▸ **Information provided**
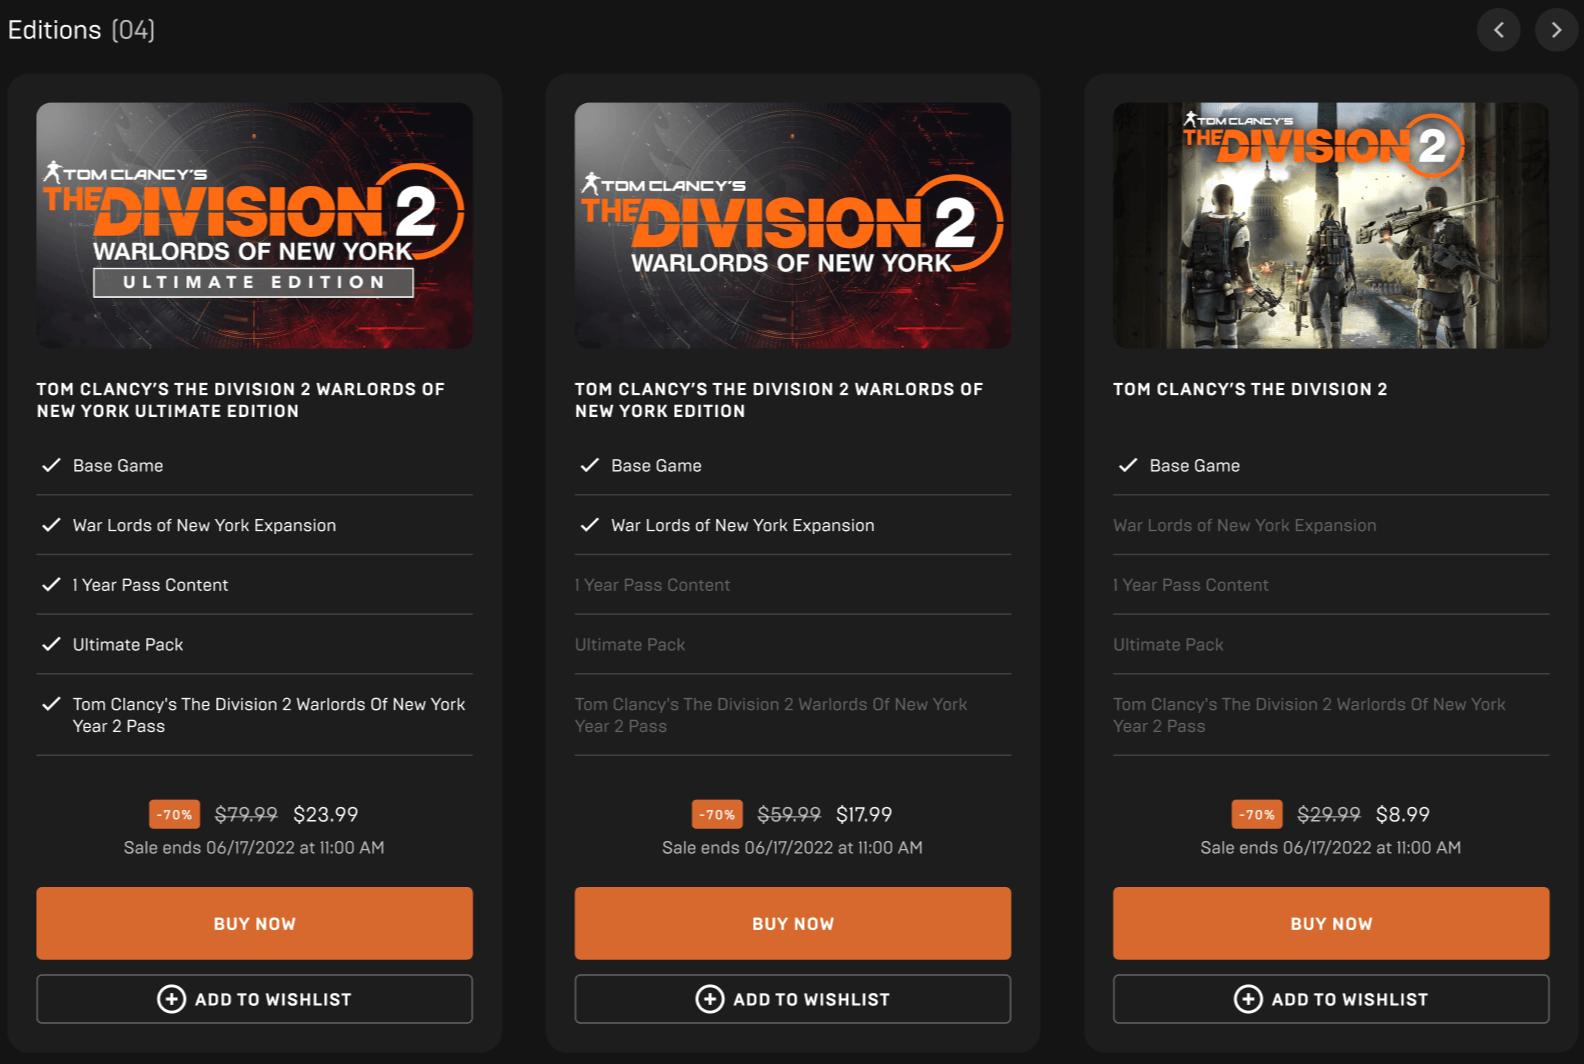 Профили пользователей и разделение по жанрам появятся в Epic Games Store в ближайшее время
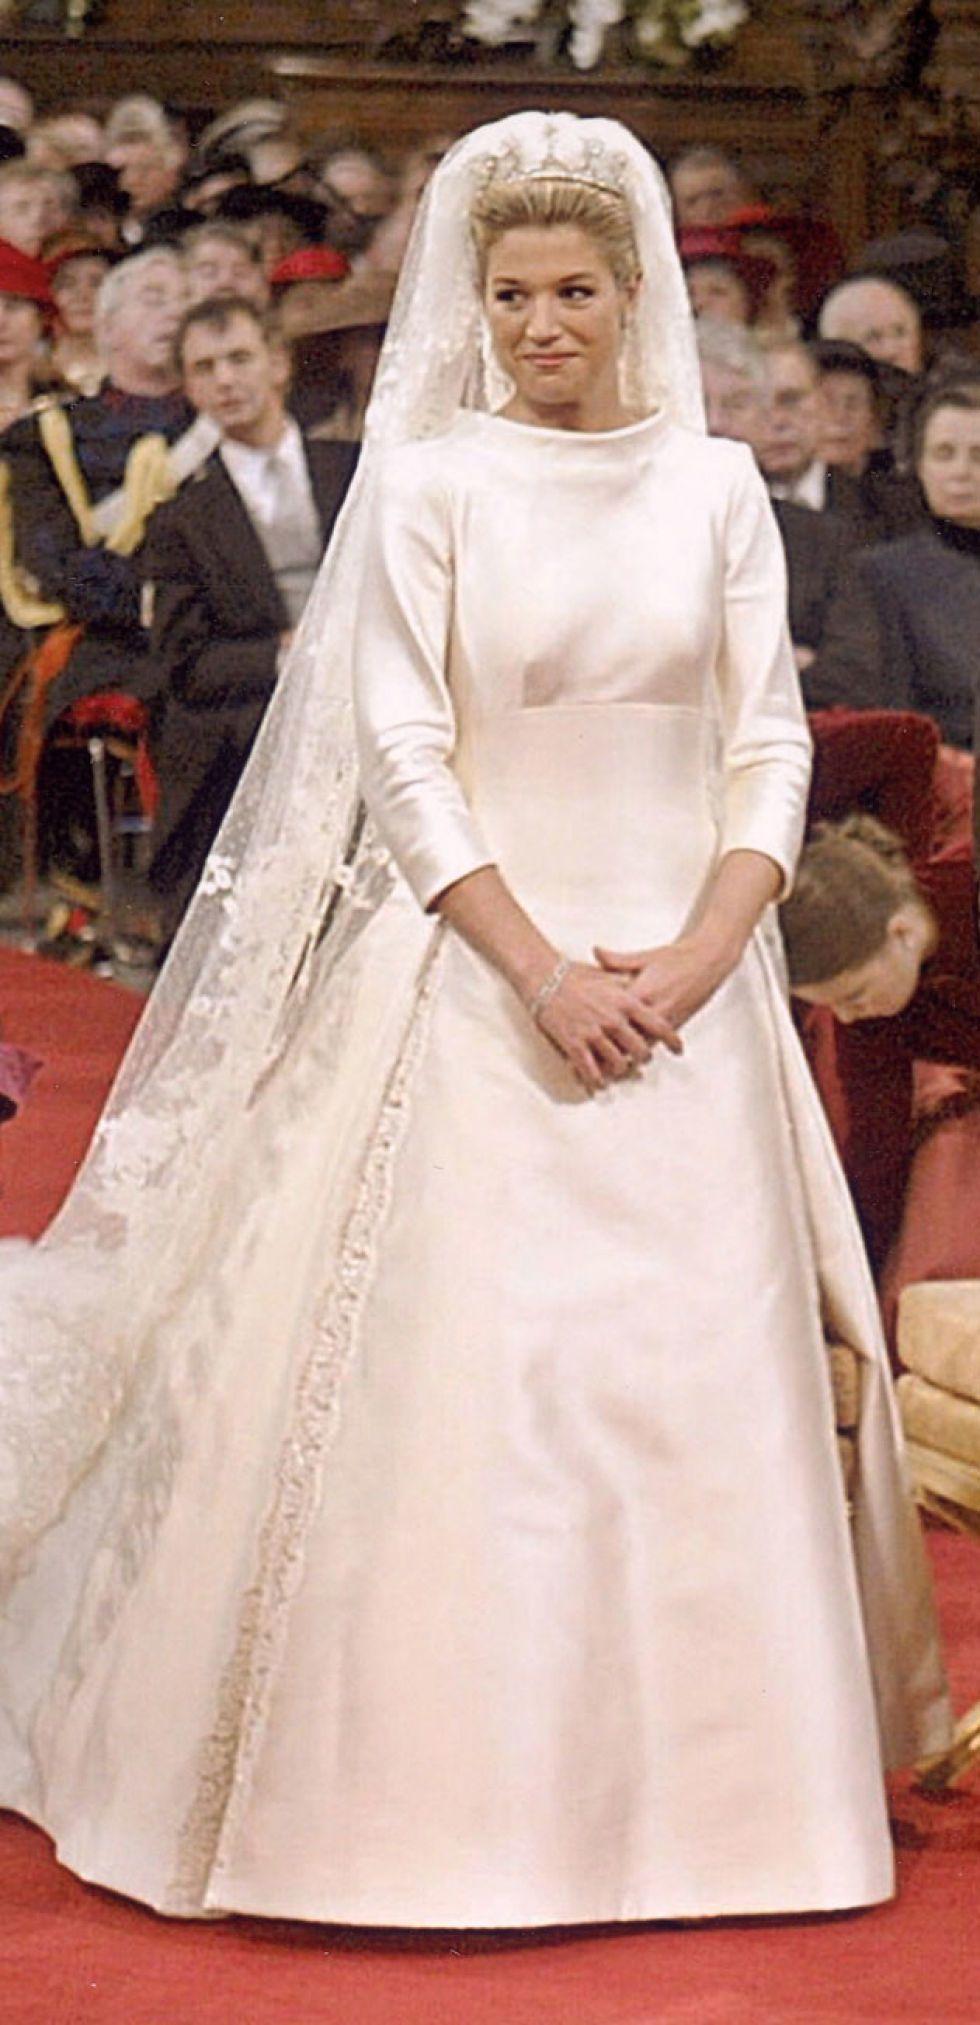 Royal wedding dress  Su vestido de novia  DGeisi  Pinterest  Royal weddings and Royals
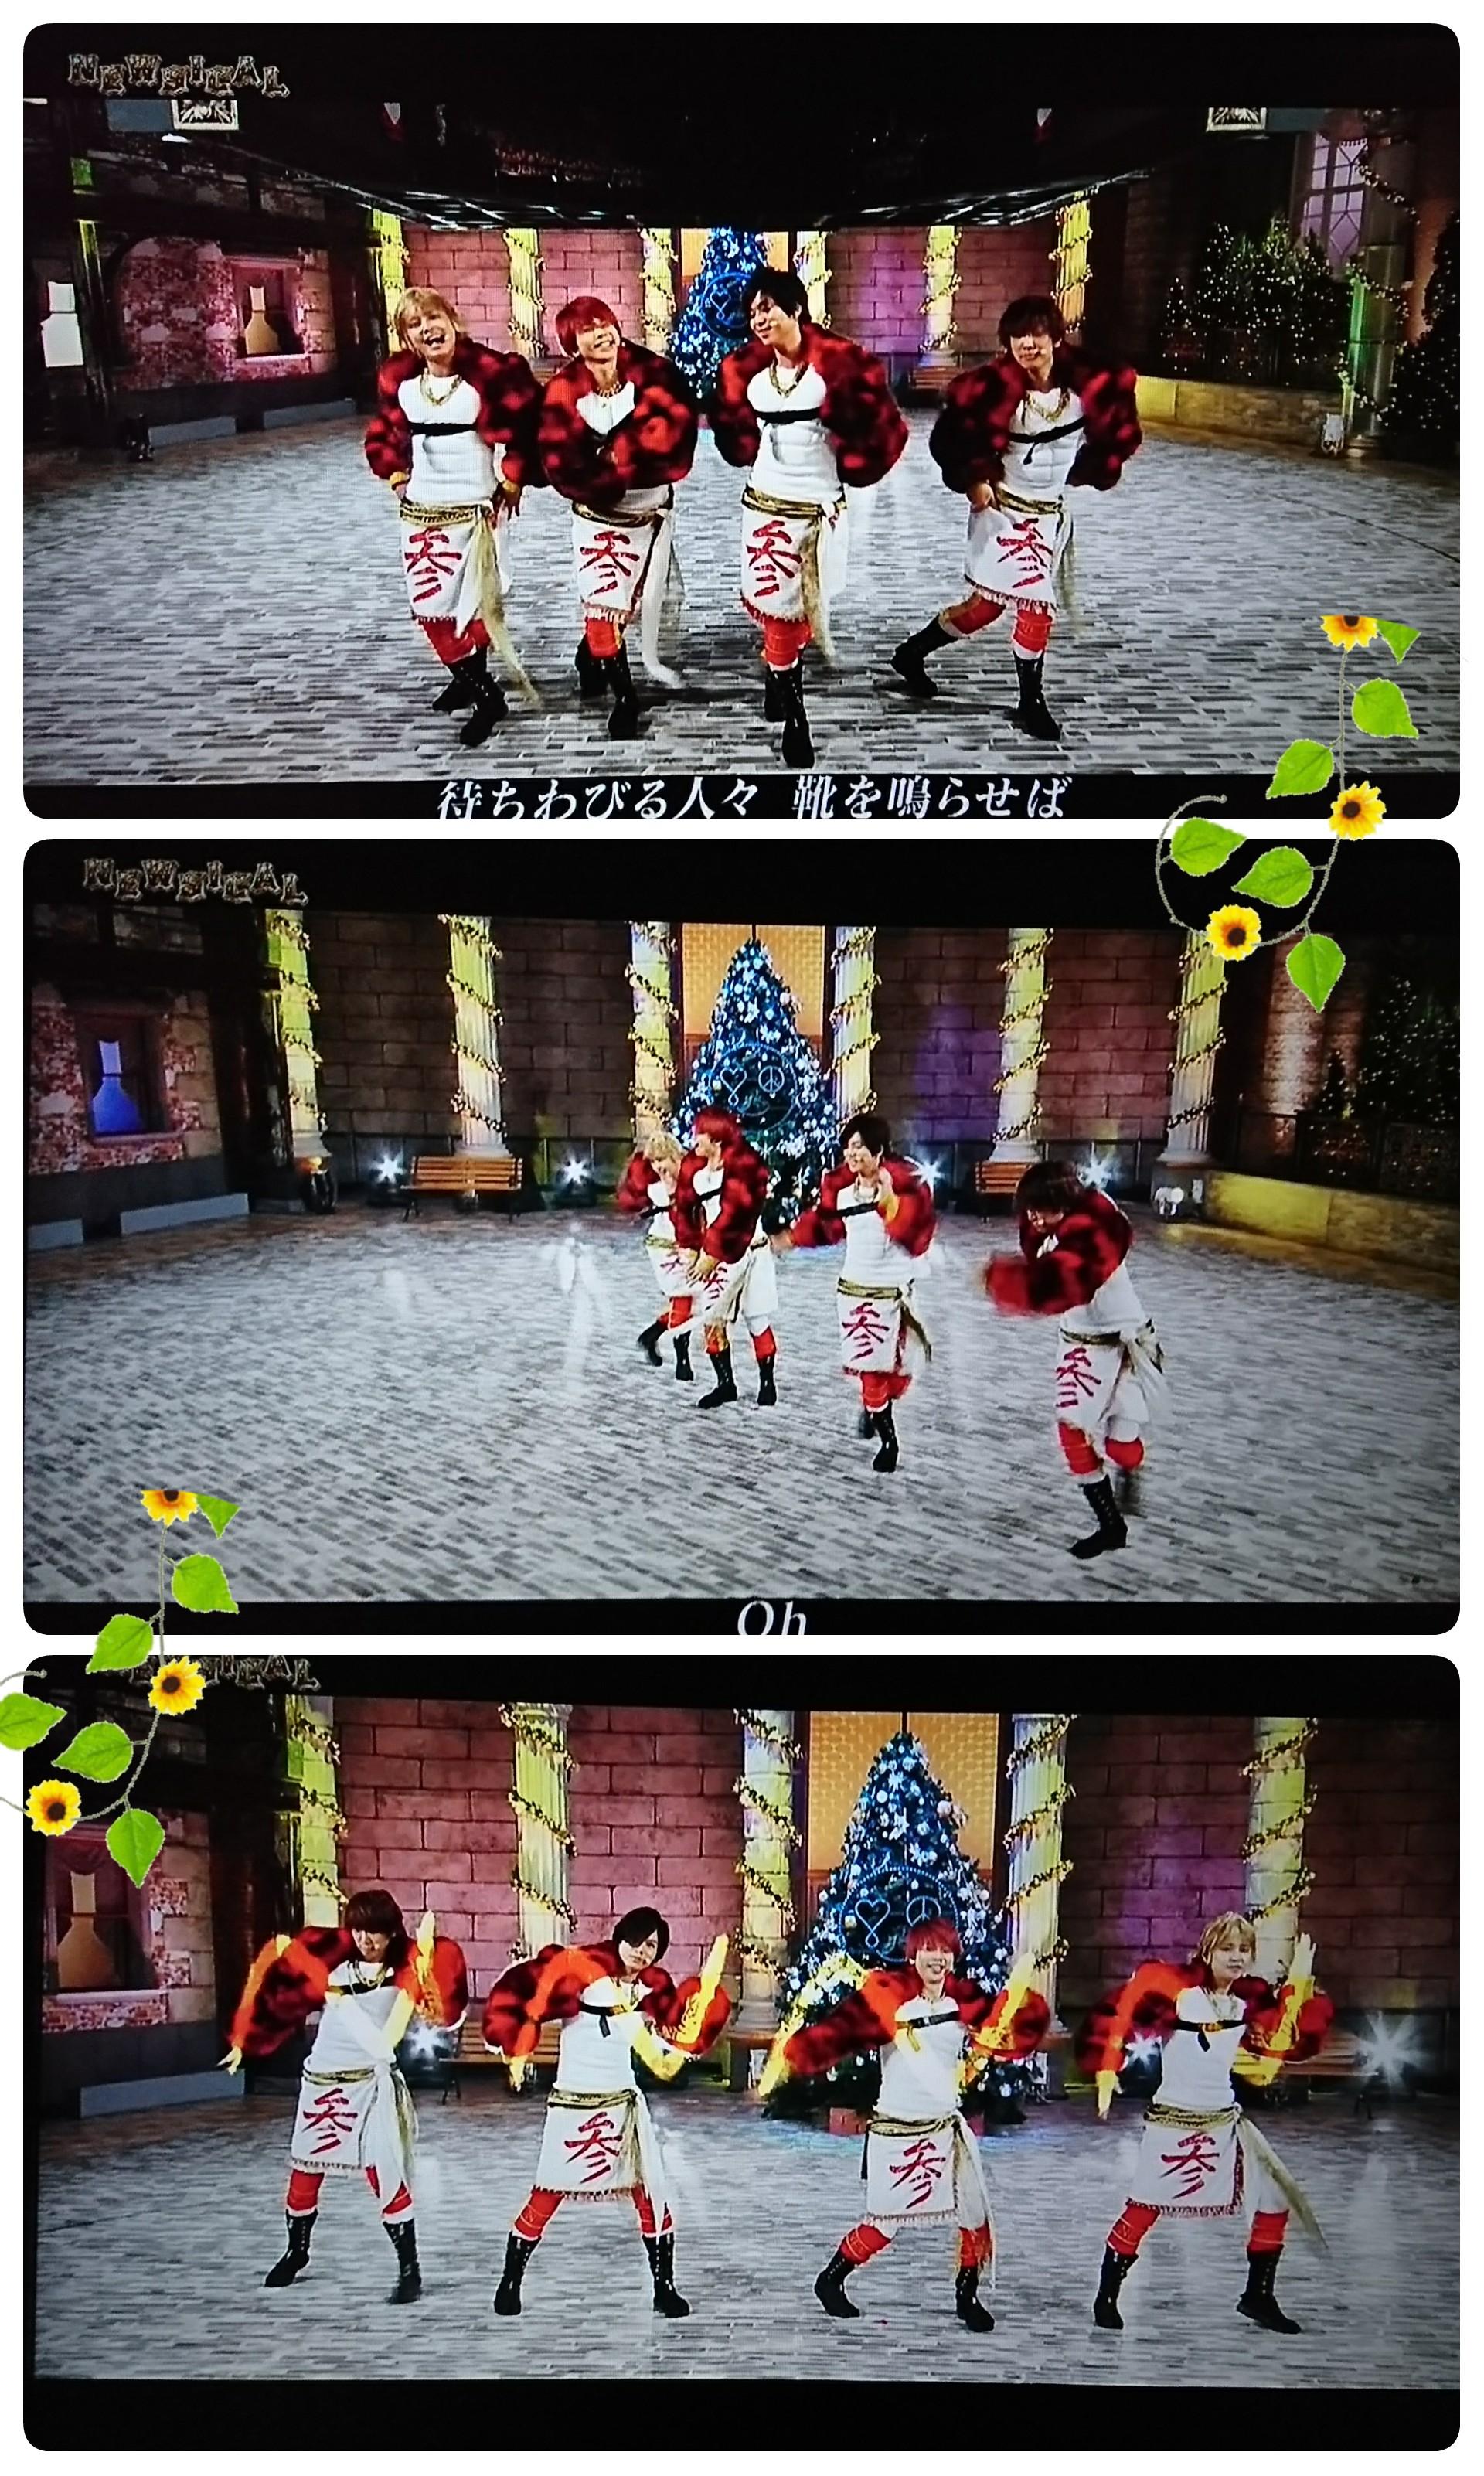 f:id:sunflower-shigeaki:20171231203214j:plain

▸ **Aim of the task**
The output should be the material above, copied exactly, without its pictures.

▸ **Answer to this problem**
 Профили пользователей и разделение по жанрам появятся в Epic Games Store в ближайшее время
 Royal wedding dress  Su vestido de novia  DGeisi  Pinterest  Royal weddings and Royals
 f:id:sunflower-shigeaki:20171231203214j:plain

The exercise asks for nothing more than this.